> [Work instruction]
When you reach the line containing "Tezen kvalitní pánské" in the entries below, start writing out each line exactly, and stop after the line containing "中大内科及药物治疗学系脑神经科莫仲棠教授 (右)和名誉临床导师区頴芝医生。".

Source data

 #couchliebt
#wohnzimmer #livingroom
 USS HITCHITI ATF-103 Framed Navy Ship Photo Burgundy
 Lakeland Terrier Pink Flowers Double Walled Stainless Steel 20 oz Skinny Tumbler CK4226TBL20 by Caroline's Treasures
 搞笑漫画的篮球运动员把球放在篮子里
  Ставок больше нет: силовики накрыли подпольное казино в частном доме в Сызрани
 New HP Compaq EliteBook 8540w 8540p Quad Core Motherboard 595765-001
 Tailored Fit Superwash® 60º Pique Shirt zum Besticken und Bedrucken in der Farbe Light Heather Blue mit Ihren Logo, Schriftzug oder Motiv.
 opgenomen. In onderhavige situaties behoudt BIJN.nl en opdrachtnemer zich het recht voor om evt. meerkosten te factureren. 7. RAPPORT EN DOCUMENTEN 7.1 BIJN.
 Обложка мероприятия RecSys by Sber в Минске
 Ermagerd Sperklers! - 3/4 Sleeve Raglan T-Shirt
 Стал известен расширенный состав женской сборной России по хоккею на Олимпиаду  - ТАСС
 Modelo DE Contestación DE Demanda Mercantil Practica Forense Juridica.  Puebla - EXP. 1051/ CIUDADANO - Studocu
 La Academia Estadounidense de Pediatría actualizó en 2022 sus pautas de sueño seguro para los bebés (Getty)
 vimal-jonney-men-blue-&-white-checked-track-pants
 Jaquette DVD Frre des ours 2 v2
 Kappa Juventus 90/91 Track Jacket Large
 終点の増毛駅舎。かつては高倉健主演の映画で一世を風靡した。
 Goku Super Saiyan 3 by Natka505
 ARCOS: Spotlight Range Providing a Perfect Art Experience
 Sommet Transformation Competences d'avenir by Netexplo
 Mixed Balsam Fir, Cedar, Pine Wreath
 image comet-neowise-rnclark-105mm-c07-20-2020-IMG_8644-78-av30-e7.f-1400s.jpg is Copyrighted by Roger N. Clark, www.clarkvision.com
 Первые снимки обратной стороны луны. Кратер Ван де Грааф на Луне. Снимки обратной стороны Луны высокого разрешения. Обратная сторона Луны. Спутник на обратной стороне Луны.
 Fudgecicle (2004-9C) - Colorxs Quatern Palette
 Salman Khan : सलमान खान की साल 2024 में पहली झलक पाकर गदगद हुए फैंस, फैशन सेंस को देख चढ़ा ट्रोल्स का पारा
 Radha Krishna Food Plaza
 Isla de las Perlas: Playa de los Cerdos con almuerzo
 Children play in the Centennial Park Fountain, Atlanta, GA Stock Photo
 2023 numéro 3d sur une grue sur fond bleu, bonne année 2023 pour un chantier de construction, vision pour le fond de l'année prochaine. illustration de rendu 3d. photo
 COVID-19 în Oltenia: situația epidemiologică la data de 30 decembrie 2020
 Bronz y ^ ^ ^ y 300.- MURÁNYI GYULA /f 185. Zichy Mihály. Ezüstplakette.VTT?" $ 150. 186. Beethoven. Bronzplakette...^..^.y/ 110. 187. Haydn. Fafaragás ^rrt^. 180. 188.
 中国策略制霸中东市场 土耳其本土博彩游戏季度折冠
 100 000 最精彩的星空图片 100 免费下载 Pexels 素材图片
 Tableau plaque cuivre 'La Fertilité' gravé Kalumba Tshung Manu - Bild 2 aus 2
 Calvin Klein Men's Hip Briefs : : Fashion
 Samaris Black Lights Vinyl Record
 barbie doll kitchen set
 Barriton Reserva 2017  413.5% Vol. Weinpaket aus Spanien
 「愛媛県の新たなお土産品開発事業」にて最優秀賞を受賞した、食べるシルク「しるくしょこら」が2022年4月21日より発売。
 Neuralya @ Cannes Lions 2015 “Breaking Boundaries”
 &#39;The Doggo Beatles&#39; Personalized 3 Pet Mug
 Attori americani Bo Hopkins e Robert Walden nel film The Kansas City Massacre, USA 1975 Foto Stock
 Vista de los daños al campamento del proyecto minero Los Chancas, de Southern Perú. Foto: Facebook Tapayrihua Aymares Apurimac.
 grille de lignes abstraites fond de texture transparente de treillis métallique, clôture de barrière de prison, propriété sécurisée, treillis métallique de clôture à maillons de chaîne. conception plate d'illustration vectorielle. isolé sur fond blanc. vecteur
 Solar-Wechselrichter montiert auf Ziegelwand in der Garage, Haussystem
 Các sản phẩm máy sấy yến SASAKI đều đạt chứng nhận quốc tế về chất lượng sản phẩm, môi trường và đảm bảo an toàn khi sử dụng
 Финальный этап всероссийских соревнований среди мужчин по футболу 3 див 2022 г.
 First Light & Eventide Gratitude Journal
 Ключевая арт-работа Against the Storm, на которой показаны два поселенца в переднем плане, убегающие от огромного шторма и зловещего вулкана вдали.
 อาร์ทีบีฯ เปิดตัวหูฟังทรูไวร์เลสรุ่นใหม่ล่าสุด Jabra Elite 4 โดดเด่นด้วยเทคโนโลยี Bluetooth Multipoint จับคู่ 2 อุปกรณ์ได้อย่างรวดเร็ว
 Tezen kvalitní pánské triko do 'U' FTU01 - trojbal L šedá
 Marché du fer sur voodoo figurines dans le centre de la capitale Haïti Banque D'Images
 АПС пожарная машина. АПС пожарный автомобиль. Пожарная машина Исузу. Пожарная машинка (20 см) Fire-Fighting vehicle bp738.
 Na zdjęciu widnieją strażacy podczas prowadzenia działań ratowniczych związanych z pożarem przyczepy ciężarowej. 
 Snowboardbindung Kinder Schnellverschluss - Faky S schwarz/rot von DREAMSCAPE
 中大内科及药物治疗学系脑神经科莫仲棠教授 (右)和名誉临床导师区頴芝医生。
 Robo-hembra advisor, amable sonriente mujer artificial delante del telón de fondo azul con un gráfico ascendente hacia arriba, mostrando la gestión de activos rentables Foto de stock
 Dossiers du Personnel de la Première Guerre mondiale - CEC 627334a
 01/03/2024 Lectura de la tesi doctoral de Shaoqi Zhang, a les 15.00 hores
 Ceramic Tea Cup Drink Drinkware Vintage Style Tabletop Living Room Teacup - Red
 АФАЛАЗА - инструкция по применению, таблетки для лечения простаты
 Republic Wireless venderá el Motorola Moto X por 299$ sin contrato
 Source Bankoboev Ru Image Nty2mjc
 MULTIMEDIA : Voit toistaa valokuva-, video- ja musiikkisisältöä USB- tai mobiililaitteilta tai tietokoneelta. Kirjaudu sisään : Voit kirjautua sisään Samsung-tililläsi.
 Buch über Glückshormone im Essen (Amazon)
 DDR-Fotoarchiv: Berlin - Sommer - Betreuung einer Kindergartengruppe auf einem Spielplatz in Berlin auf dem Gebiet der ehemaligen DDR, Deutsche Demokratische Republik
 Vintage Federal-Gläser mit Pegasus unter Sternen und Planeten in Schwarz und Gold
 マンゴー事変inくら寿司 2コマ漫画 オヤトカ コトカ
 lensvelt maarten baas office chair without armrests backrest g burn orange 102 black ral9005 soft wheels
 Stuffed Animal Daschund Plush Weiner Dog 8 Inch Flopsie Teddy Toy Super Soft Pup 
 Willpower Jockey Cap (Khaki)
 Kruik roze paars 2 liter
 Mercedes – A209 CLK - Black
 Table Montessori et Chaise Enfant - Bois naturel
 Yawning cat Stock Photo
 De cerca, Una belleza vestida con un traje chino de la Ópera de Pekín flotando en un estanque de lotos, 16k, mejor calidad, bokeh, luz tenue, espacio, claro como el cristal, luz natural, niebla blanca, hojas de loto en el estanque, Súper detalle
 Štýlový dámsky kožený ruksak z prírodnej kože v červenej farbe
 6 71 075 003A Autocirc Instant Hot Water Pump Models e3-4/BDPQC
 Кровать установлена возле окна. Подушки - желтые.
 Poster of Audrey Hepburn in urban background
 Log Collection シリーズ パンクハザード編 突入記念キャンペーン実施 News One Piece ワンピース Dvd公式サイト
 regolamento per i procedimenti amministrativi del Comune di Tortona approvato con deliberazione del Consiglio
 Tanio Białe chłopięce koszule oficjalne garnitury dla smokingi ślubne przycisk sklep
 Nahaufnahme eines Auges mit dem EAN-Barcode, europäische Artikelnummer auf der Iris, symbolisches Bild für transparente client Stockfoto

> [Response to the task]
 Tezen kvalitní pánské triko do 'U' FTU01 - trojbal L šedá
 Marché du fer sur voodoo figurines dans le centre de la capitale Haïti Banque D'Images
 АПС пожарная машина. АПС пожарный автомобиль. Пожарная машина Исузу. Пожарная машинка (20 см) Fire-Fighting vehicle bp738.
 Na zdjęciu widnieją strażacy podczas prowadzenia działań ratowniczych związanych z pożarem przyczepy ciężarowej. 
 Snowboardbindung Kinder Schnellverschluss - Faky S schwarz/rot von DREAMSCAPE
 中大内科及药物治疗学系脑神经科莫仲棠教授 (右)和名誉临床导师区頴芝医生。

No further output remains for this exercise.